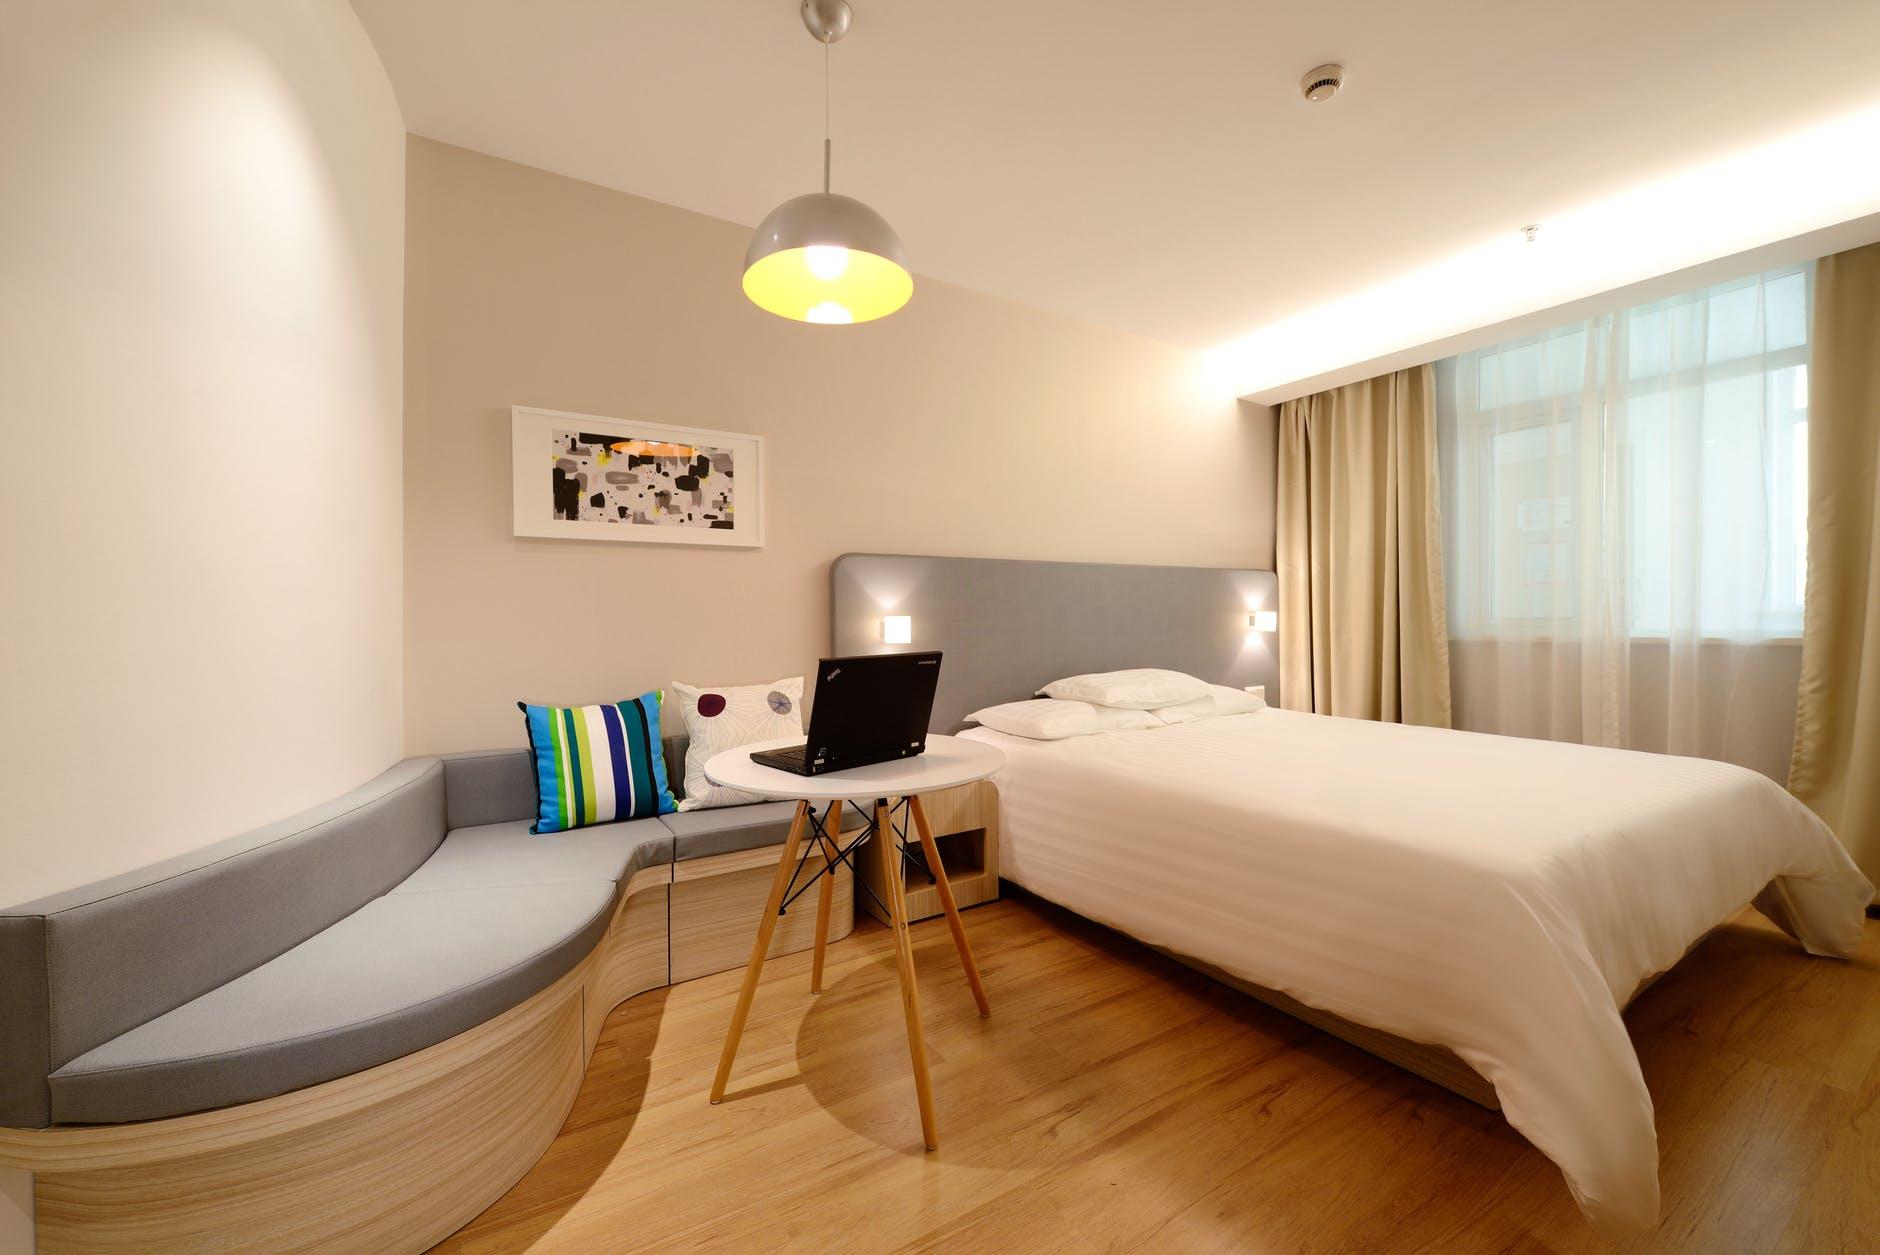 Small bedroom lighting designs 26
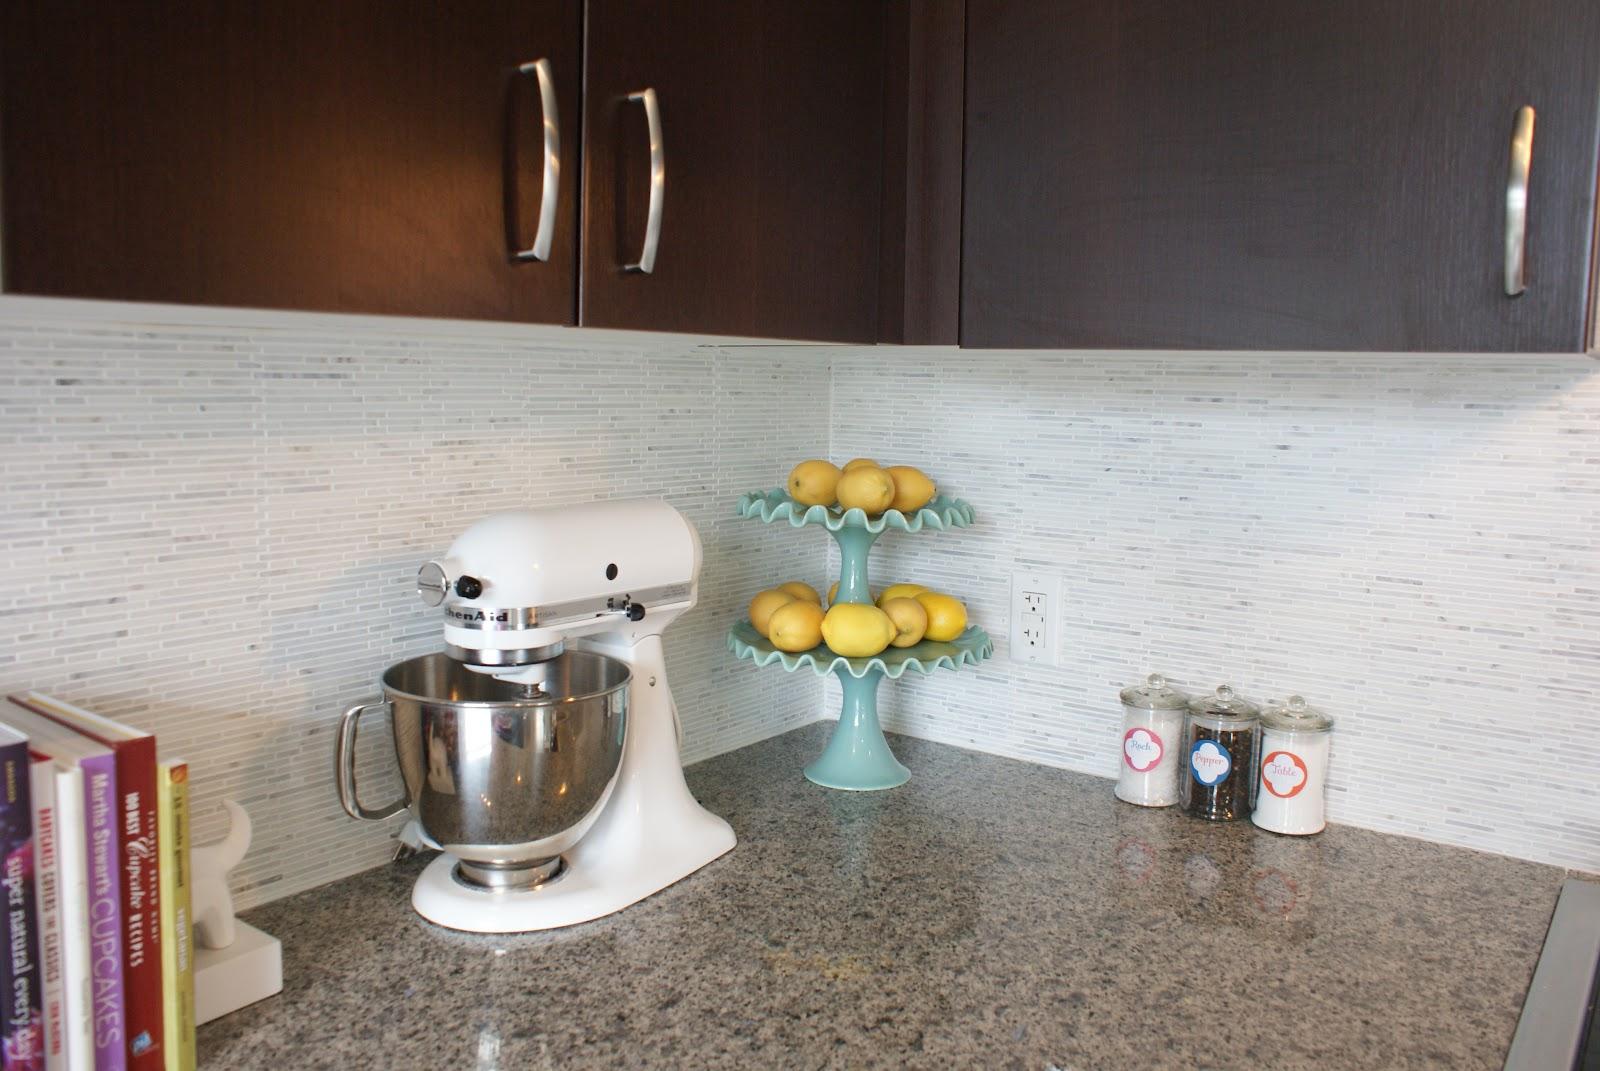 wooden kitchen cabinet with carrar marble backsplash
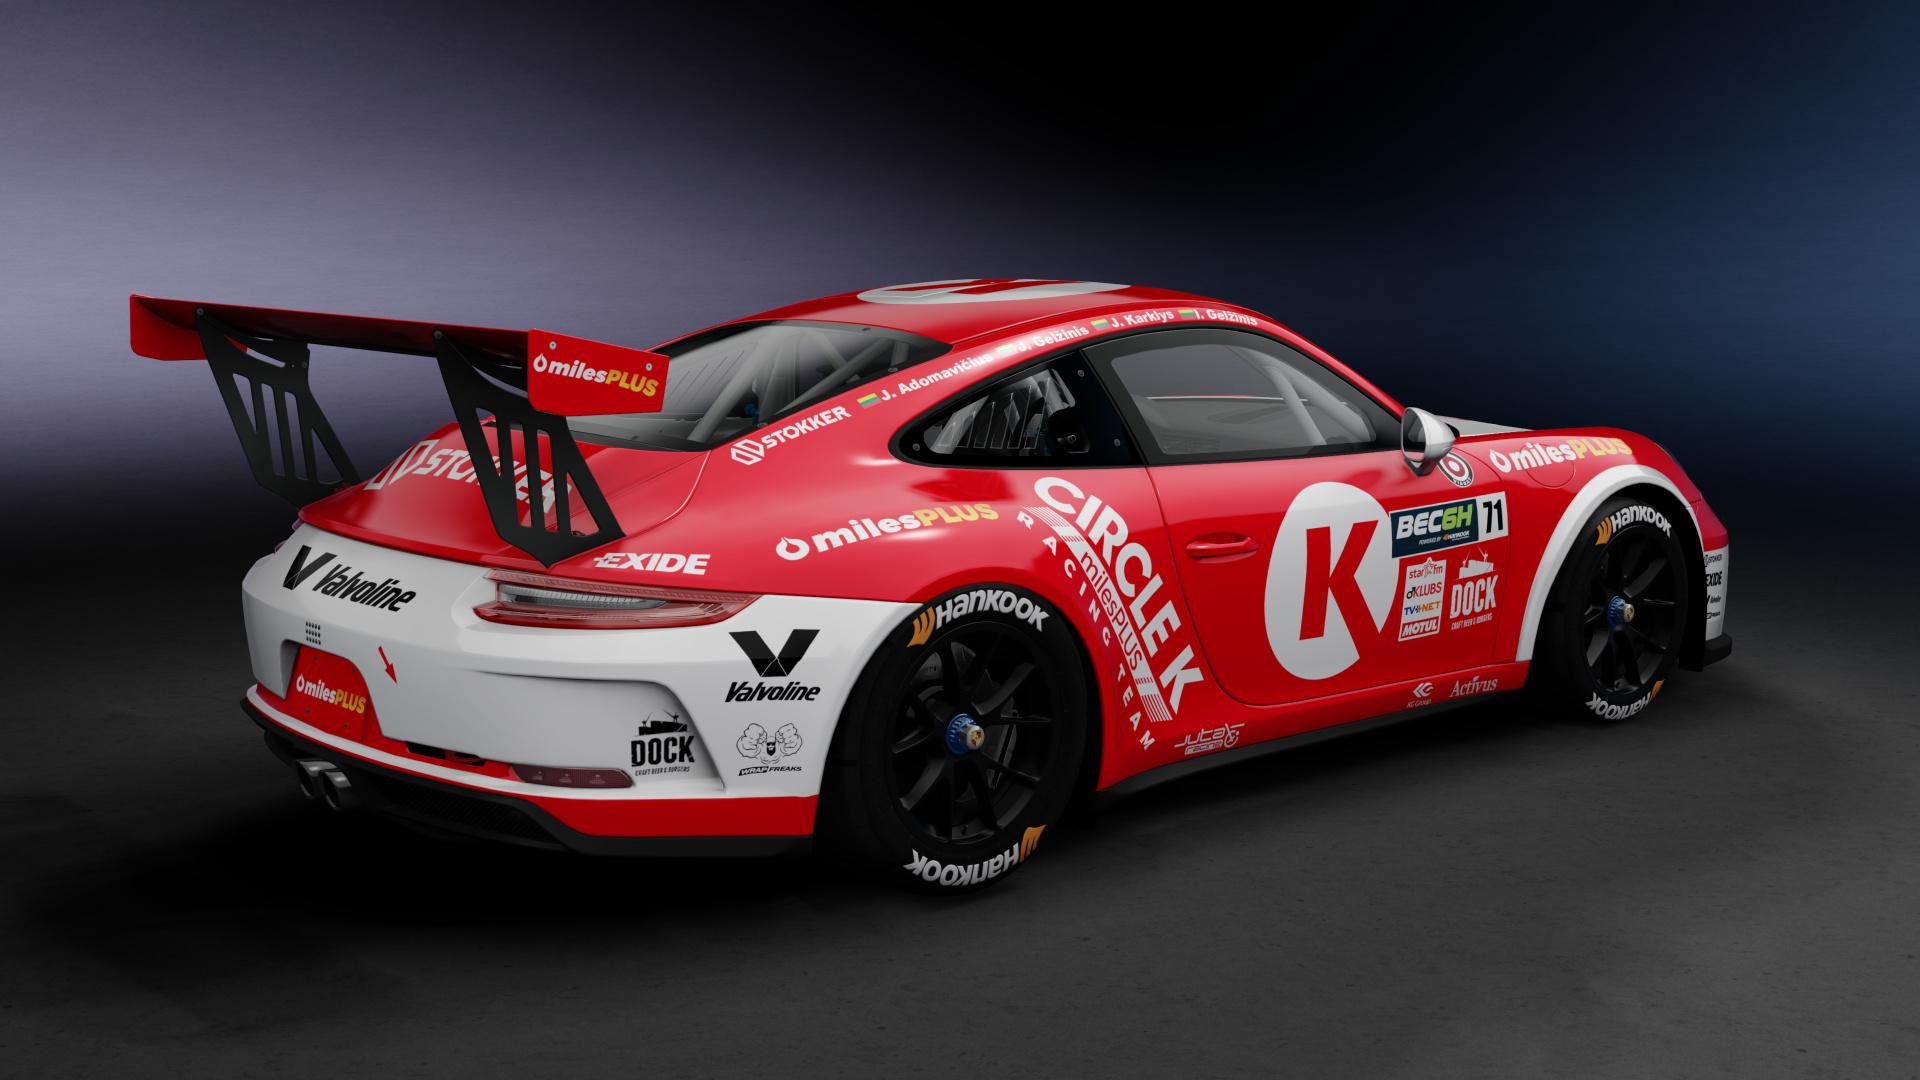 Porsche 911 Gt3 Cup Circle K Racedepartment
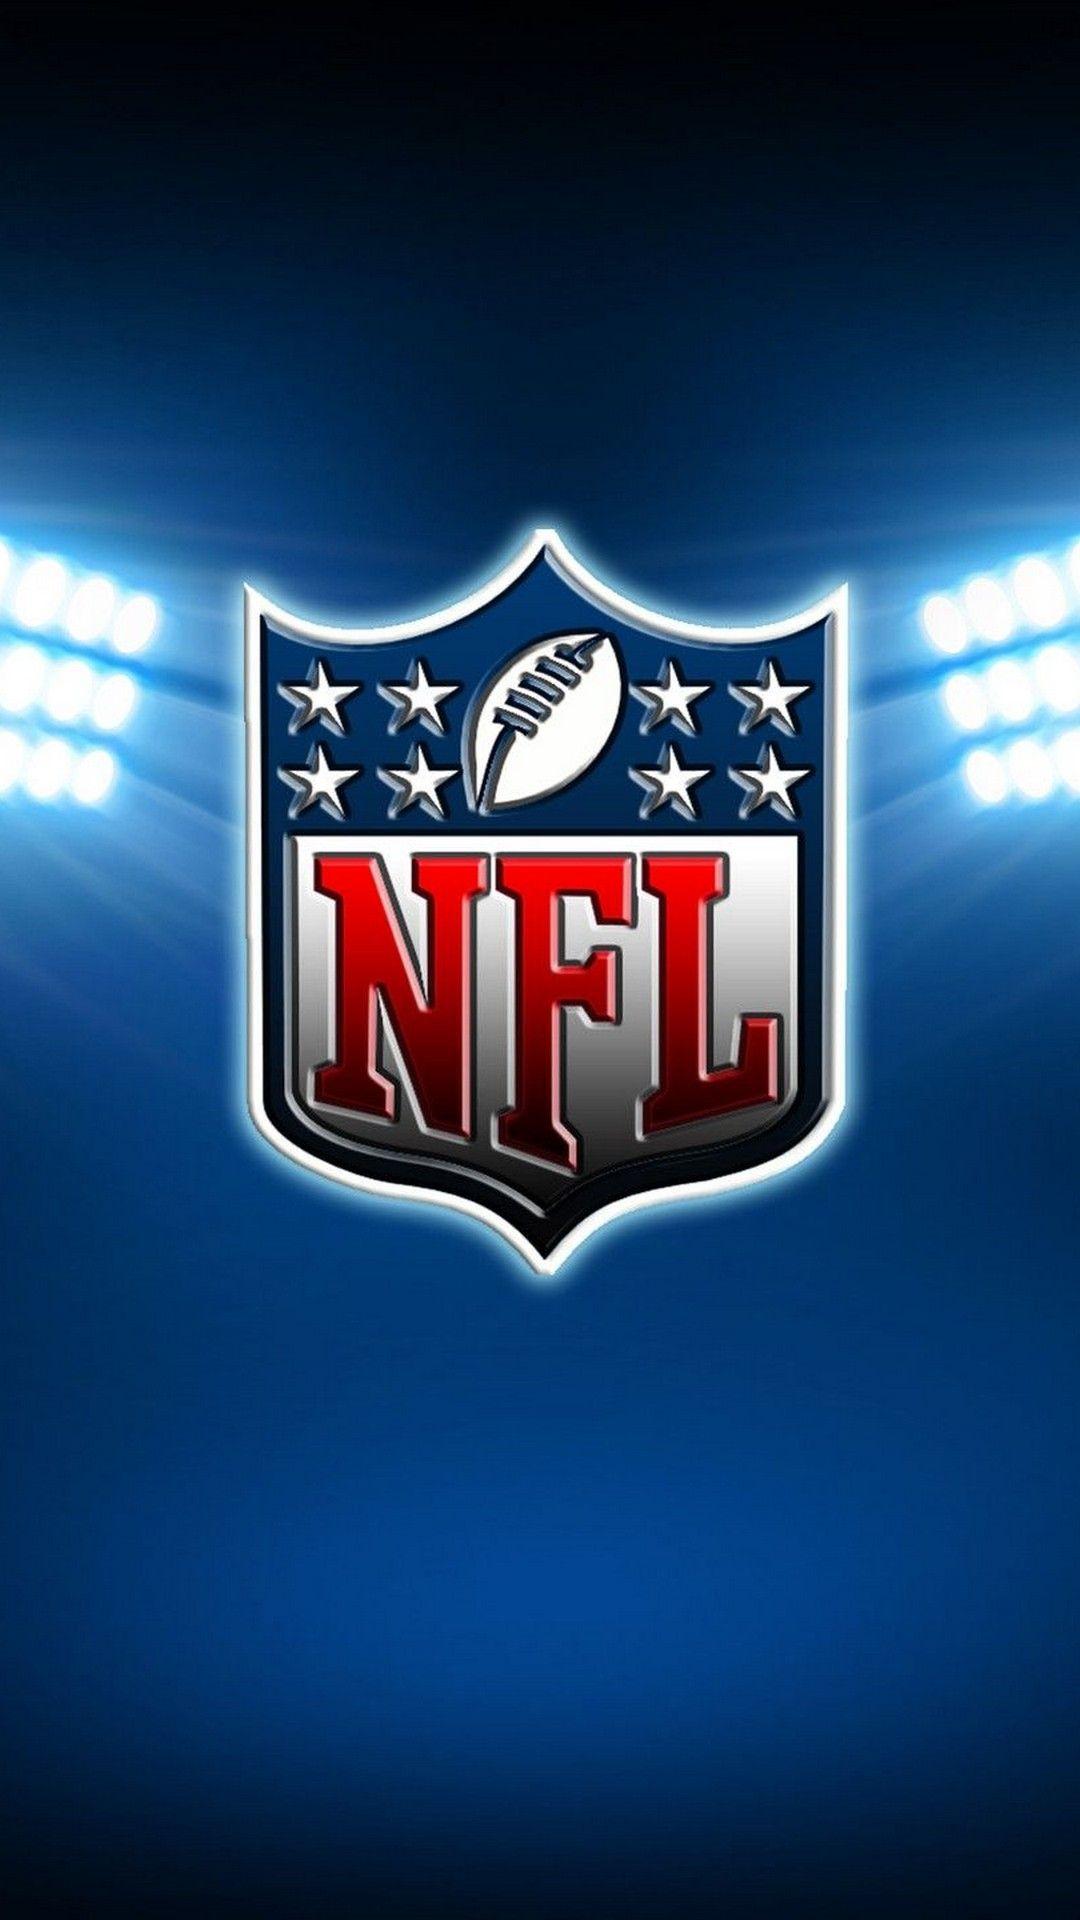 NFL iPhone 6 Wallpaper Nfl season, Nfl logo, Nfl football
===
- What you will do
Exclude every picture and restate the listing word for word.

- Exercise response
 Small bedroom lighting designs 26
 wooden kitchen cabinet with carrar marble backsplash
 Porsche 911 Gt3 Cup Circle K Racedepartment
 NFL iPhone 6 Wallpaper Nfl season, Nfl logo, Nfl football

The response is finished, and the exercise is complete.